# Vector space $U\cap W$

I need advice on this task, so if anyone had a similar dilemma it would help me.

The task is: Let $$U$$ be a subspace of space $$\mathbb{R^4}$$generated by vectors $$u1=(1,2,0,-1), u2=(0,3,1,2), u3=(-1,1,1,3)$$ and W a subspace generated by vectors $$w1=(1,1,1,1), w2=(0,1,1,2), w3=(-1,0,0,1)$$. Determine one base for vector spaces $$U,W,U + W, U \cap W$$.

I did it like this:

For $$U$$, I placed the vectors in the matrix, found the pivots, and determined that the base was made up of vectors $$(1,0,0,0),(0,1,0,0)$$.

I did the same for the vector space W.

$$U + W$$:

I placed the vectors in the matrix and found the pivots:

$$\left[\begin{matrix} 1 & 0 & -1 & 1 & 0 & -1\\ 2 & 3 & 1 & 1 & 1 & 0\\ 0 & 1 & 1 & 1 & 1 & 0\\ -1 & 2 & 3 & 1 & 2 & 1\\ \end{matrix}\right]\rightarrow \left[\begin{matrix} 1 & 0 & {\color{red}{-1}} & 1 & {\color{red}{0}} & {\color{red}{-1}}\\ 0 & 1 & {\color{red}{1}} & 1 & {\color{red}{1}} & {\color{red}{0}}\\ 0 & 0 & {\color{red}{0}} & -4 & {\color{red}{-2}} & {\color{red}{2}}\\ 0 & 0 & {\color{red}{0}} & 0 & {\color{red}{0}} & {\color{red}{2}}\\ \end{matrix}\right]$$

The basis of vector space $$U + W$$ are vectors: $$u1,u2,w1$$.
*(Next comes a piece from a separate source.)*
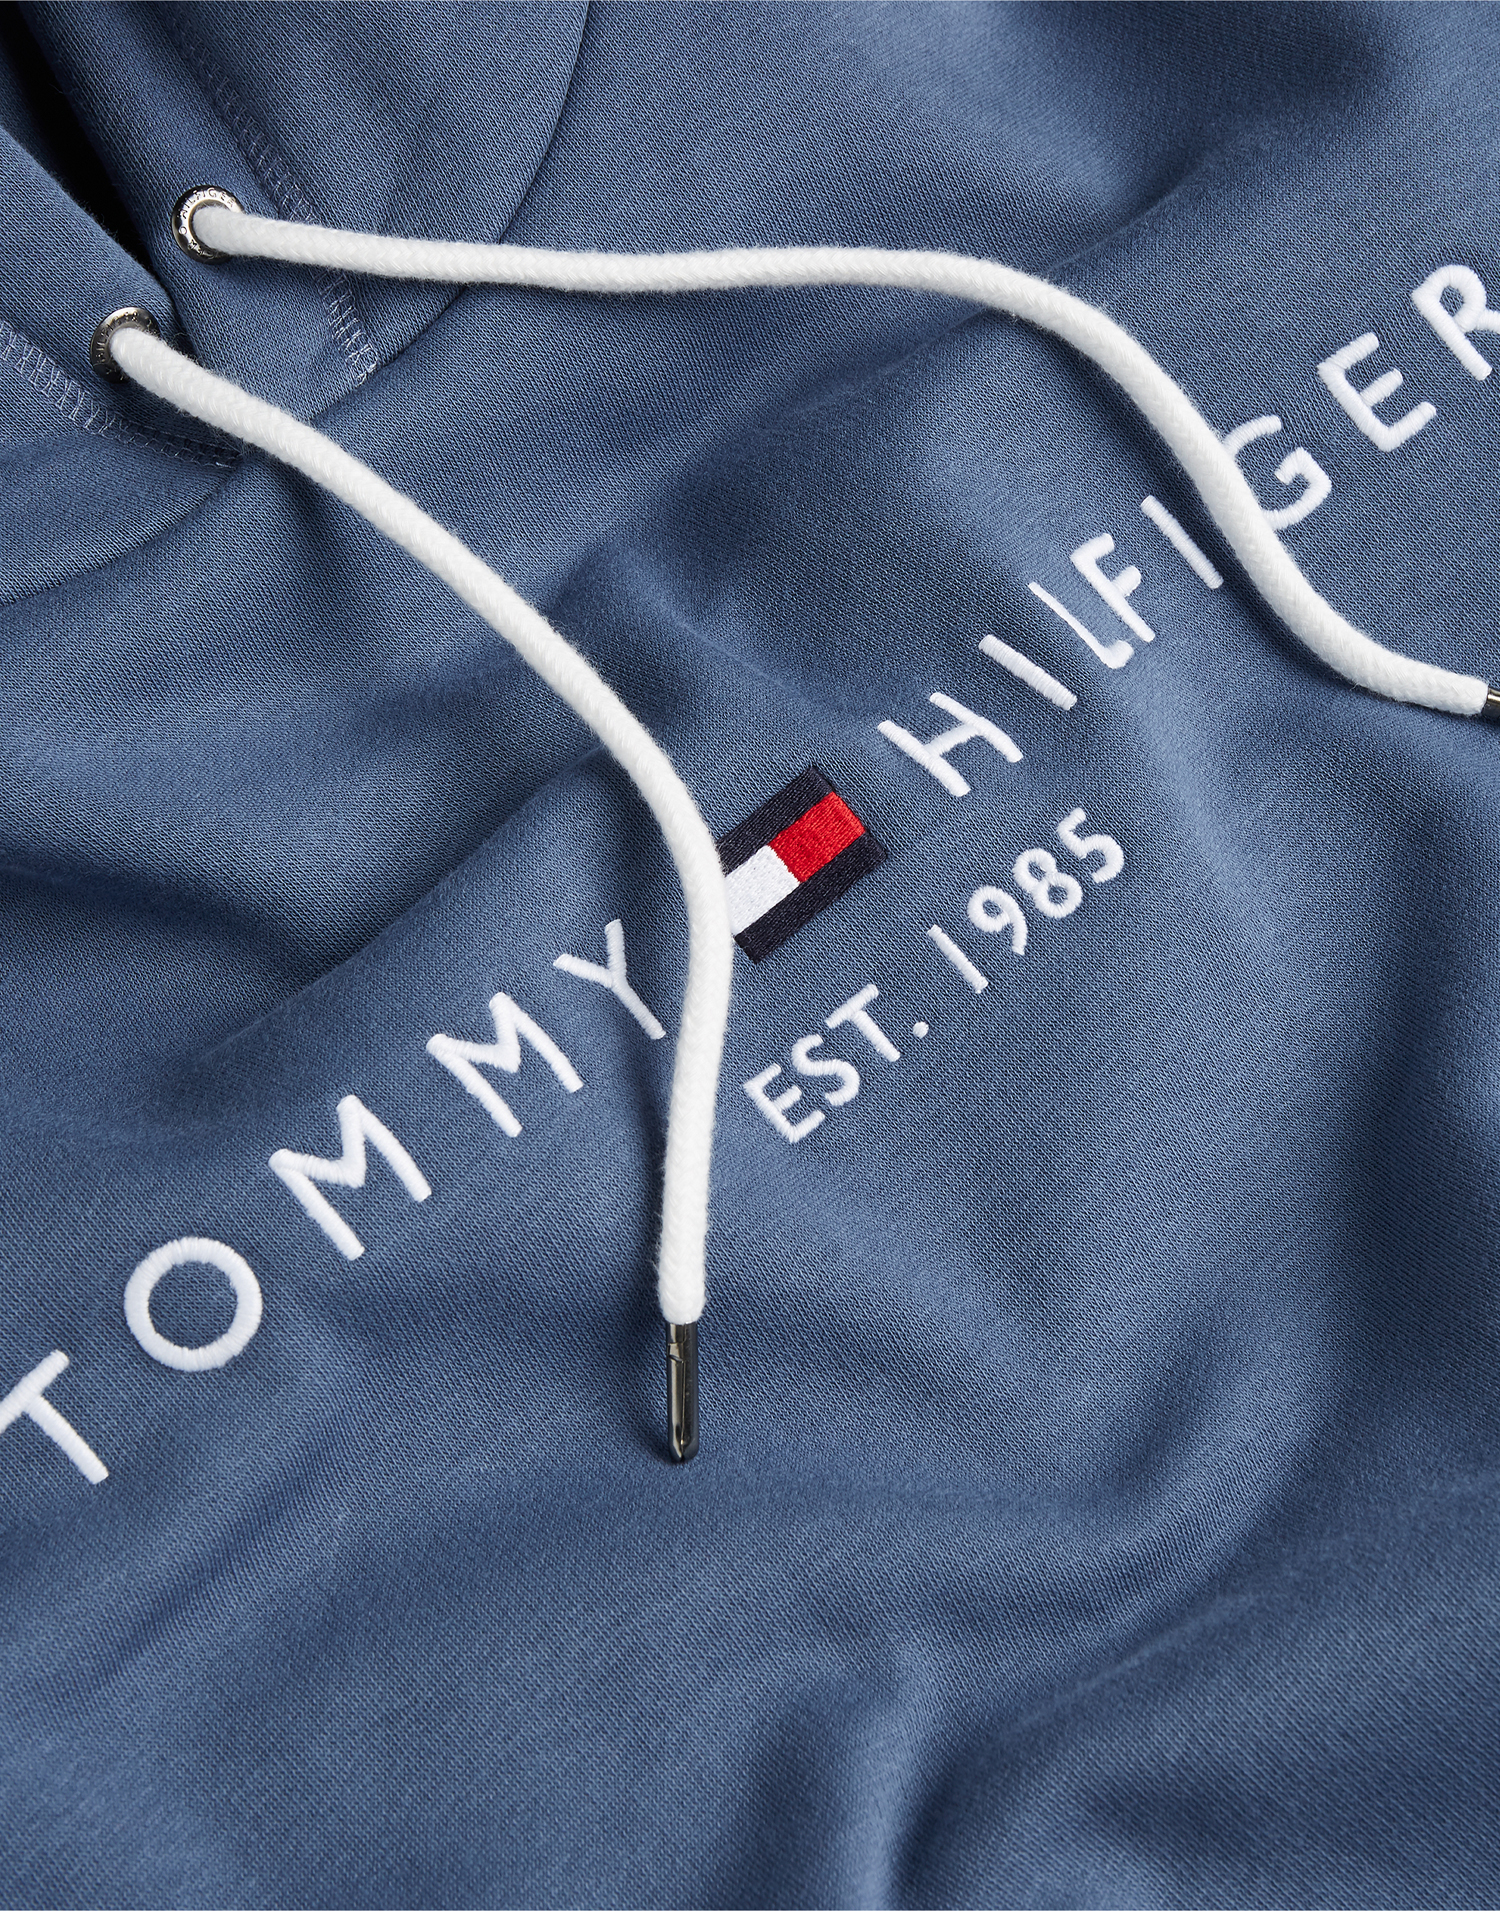 tommy hilfiger promo code ireland

My dilemma is whether the vectors are marked in red by the bases of the vector space $$U \cap W$$ ?

• As $u_2=u_1+u_3$ you are wrong about a basis of $U$. Commented Sep 27, 2021 at 15:17
• And you have two typos where you list the spanning set of $W$. Commented Sep 27, 2021 at 15:19
• Yes, I accidentally transcribed incorrectly Commented Sep 27, 2021 at 15:39
• Every linear combination of $(1, 0, 0, 0)$ and $(0,1,0,0)$ will have $0$ for its third and fourth coordinates. Each of the generators of $U$ has non-zero entries in the third and fourth coordinates. So how can $(1, 0, 0, 0)$ and $(0,1,0,0)$ form a basis for $U$? Their span doesn't even include the three known points of $U$. Commented Sep 28, 2021 at 3:49

I don't understand what manipulations you are making or why. But here is a technique guaranteed to work when we want to find a basis of $$U\cap W$$ when we are given spanning sets of $$U$$ and $$W$$.
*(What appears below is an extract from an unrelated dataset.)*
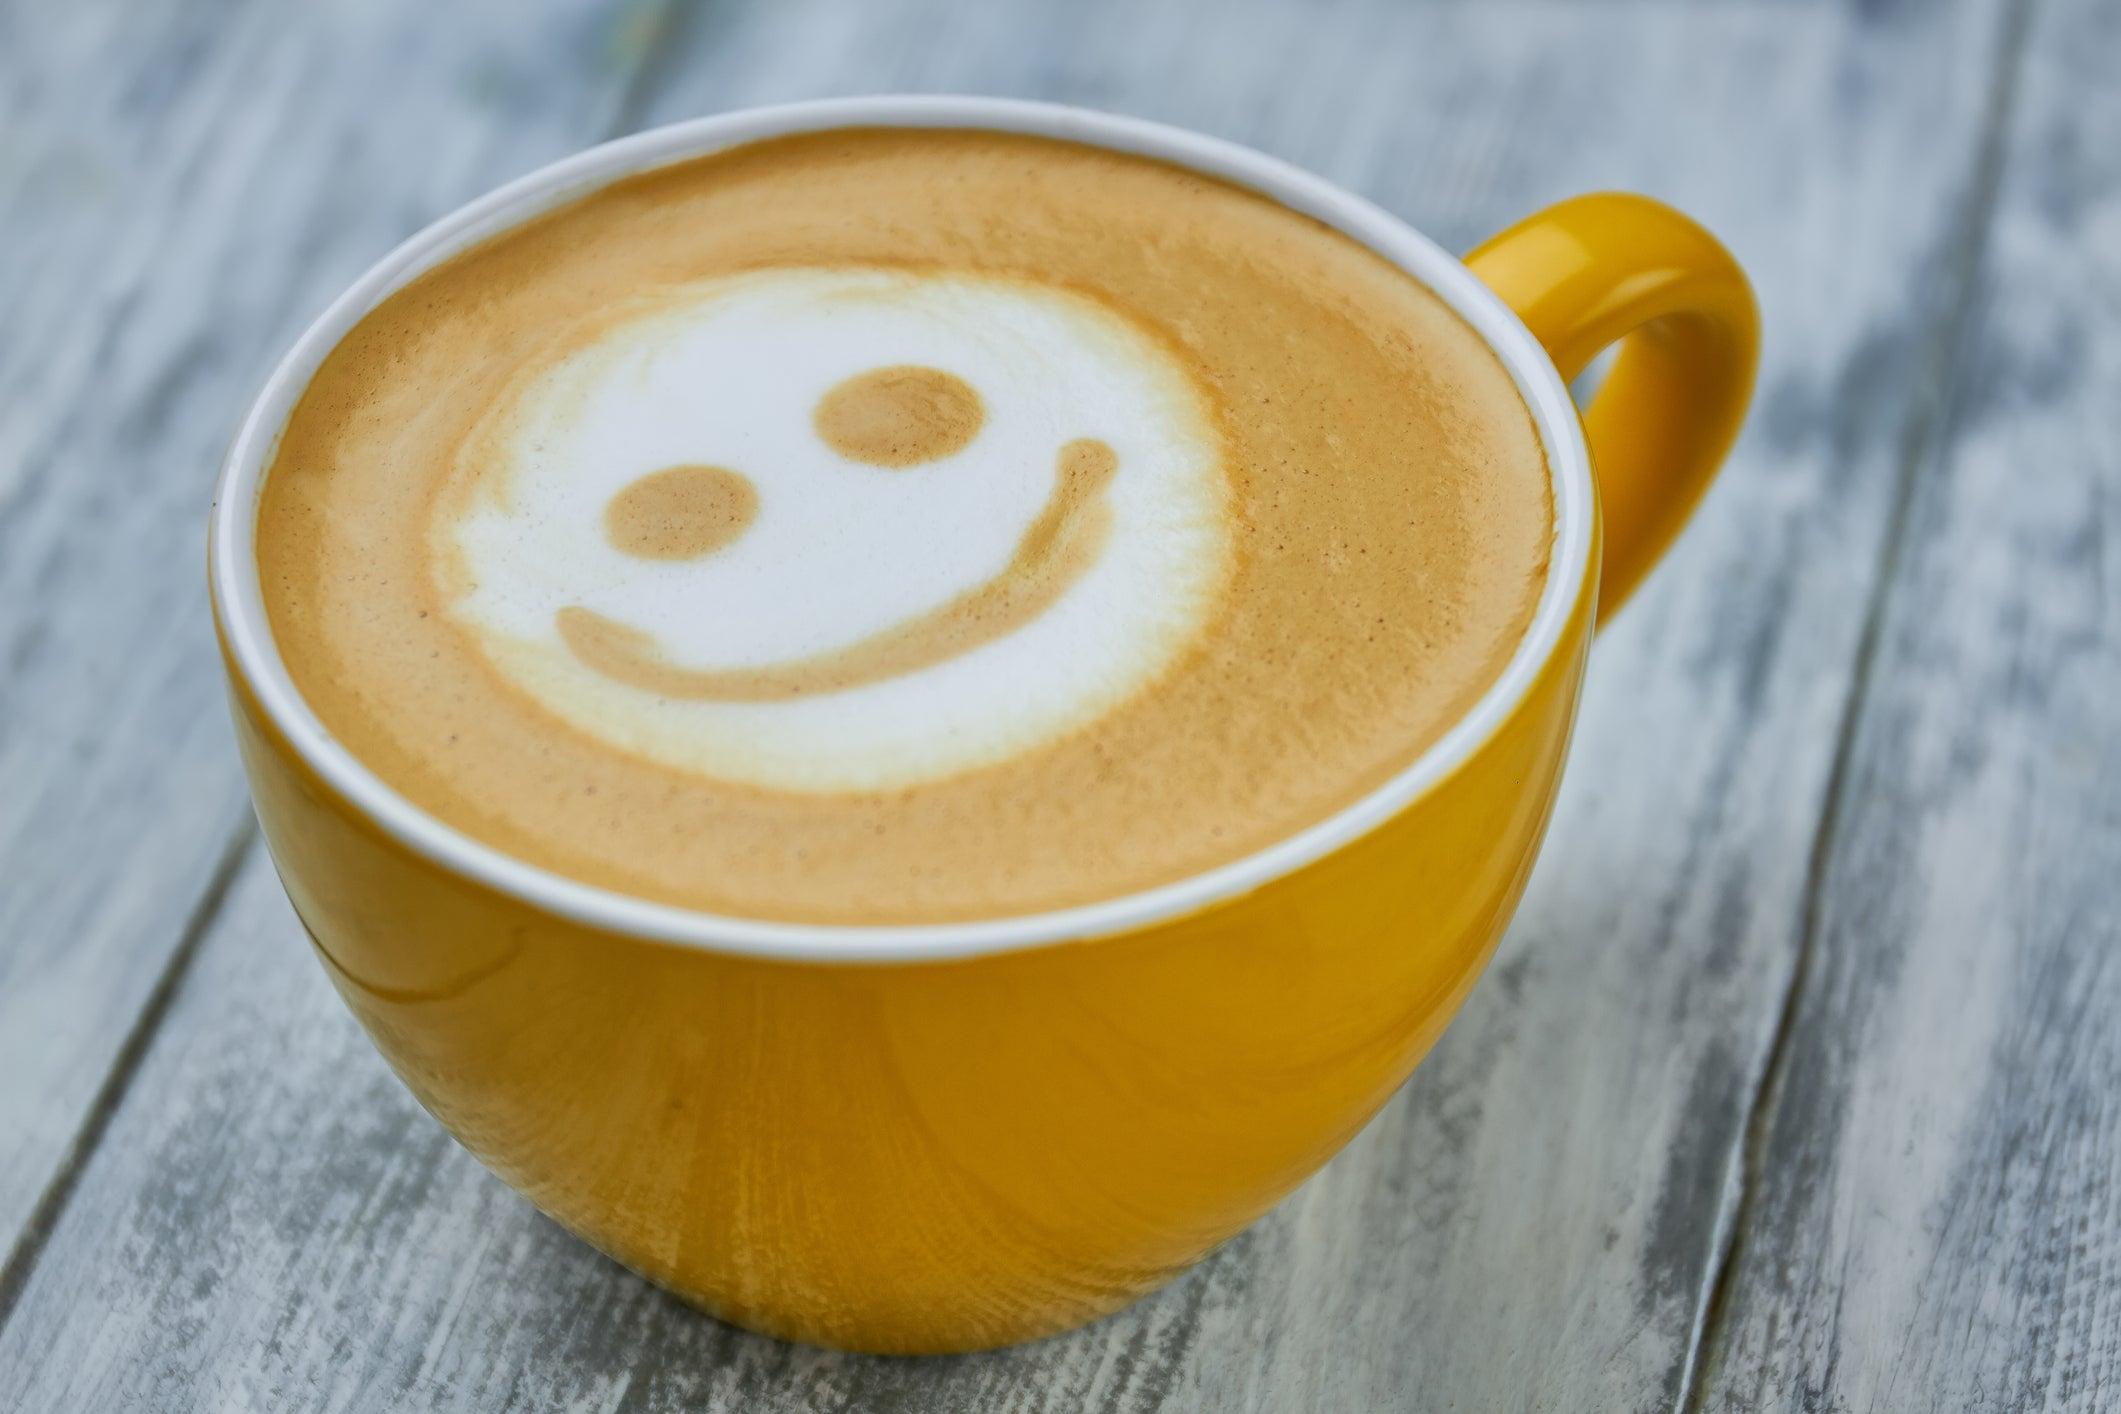 3 Great Reasons To Buy Starbucks Stock @themotleyfool #stocks $sbux photo

The vector $$(a,b,c,d)$$ lies in $$U$$ iff there exist scalars $$x,y,z$$ such that $$x u_1+ y u_2 +z u_3= (a,b,c,d)$$. Use Gauss elimination to find the conditions for the four equations to have a solution for $$x,y,z$$: the conditions are $$2a-b+3c=0$$,$$a-2c+d=0$$.

Do the same thing to see when $$(a,b,c,d)$$ lies in $$W$$: you'll get some more linear equations on $$a,b,c,d$$.

Now solve the whole set of equations in $$a,b,c,d$$ to find those $$(a,b,c,d)$$ in $$U\cap W$$. The Gauss elimination technique provides a basis for them.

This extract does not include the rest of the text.